Contratações em situações de anormalidade, flexibilização de normas e eficiência para salvar vidas

O que aprendemos com a pandemia COVID-19 e não podemos mais errar?

Contratação diretaNova Lei de Licitações

O decreto e reconhecimento de calamidade pública, decorrente de desastres naturais, pandemias ou grandes acidentes, exige respostas rápidas e eficazes por parte do Poder Público para minimizar danos e salvar vidas.

Nessas situações, a administração pública enfrenta desafios significativos, incluindo a necessidade de contratar serviços e adquirir bens em curto espaço de tempo, sendo importante a previsão de mecanismos que permitem a flexibilização de procedimentos administrativos, especialmente no que tange às contratações emergenciais.

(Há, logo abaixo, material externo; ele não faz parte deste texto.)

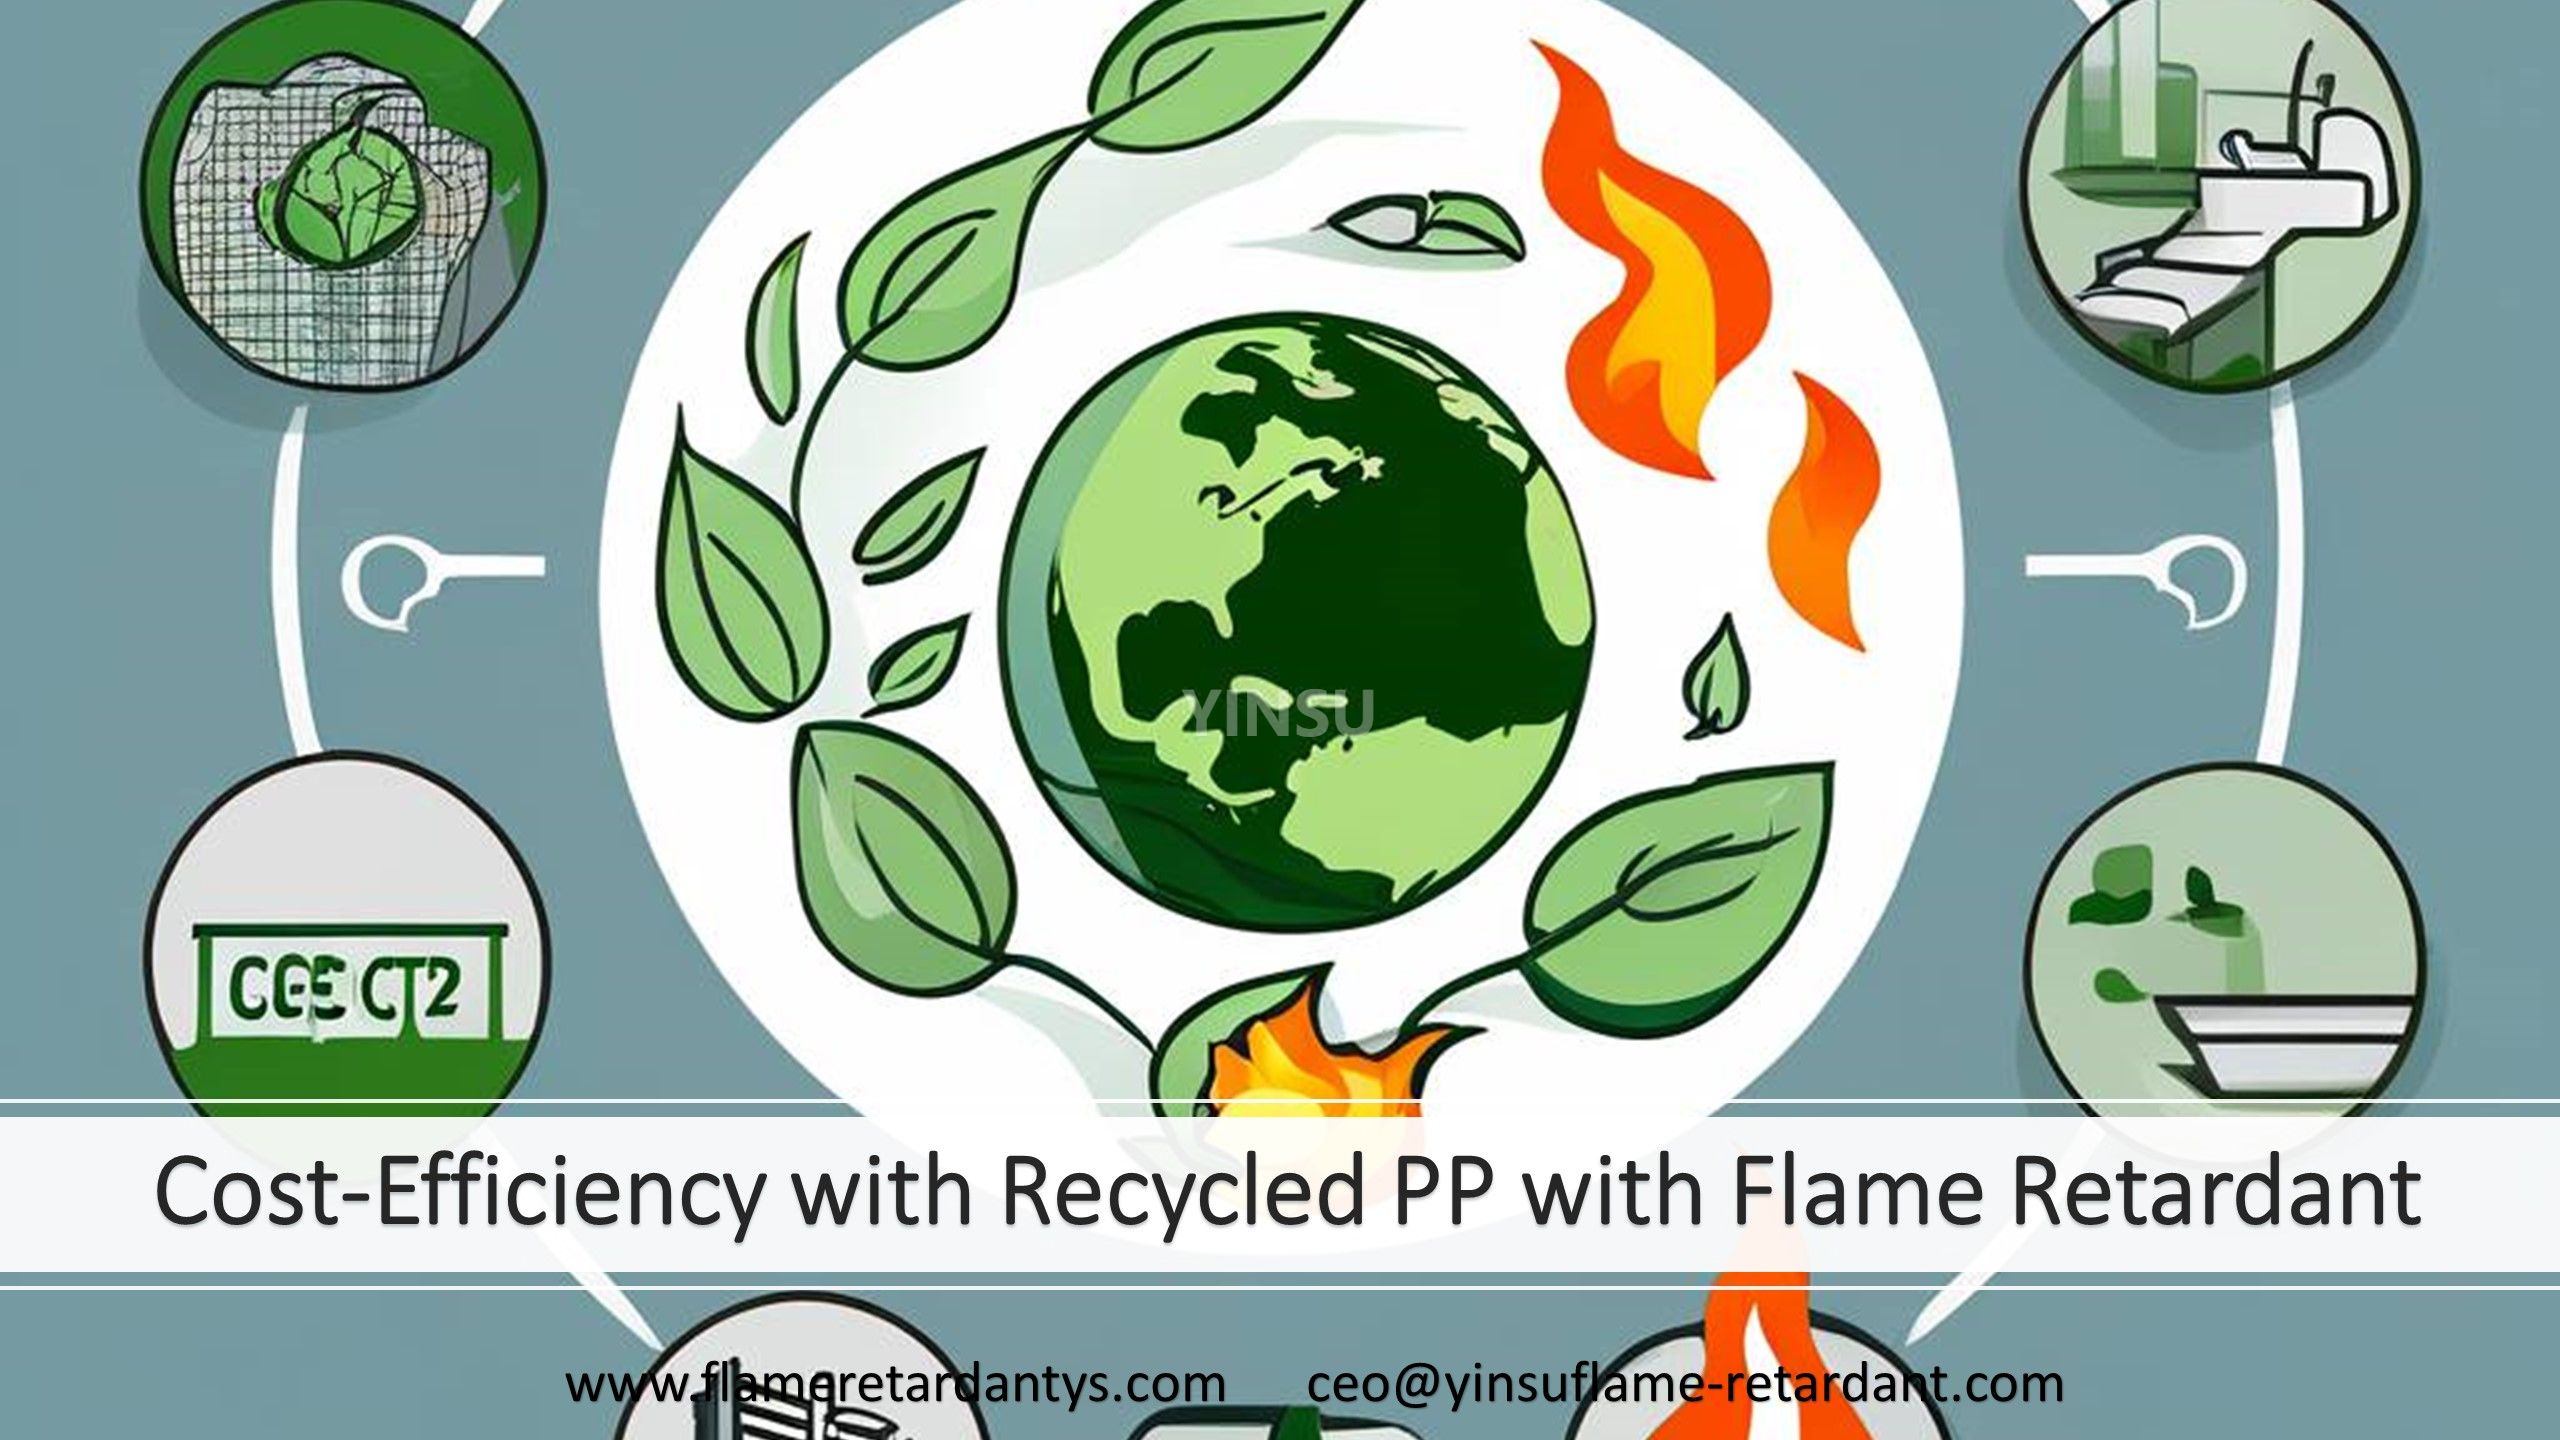 Cost-Efficiency with Recycled PP with Flame Retardant

Durante a pandemia da COVID-19, as contratações emergenciais se tornaram tema central, evidenciando a necessidade de uma resposta ágil e eficaz por parte da União, Estados e Municípios.

A emergência sanitária global impôs pressão sem precedentes sobre os sistemas de saúde e a administração pública, exigindo a aquisição rápida de equipamentos médicos, vacinas e outros insumos críticos.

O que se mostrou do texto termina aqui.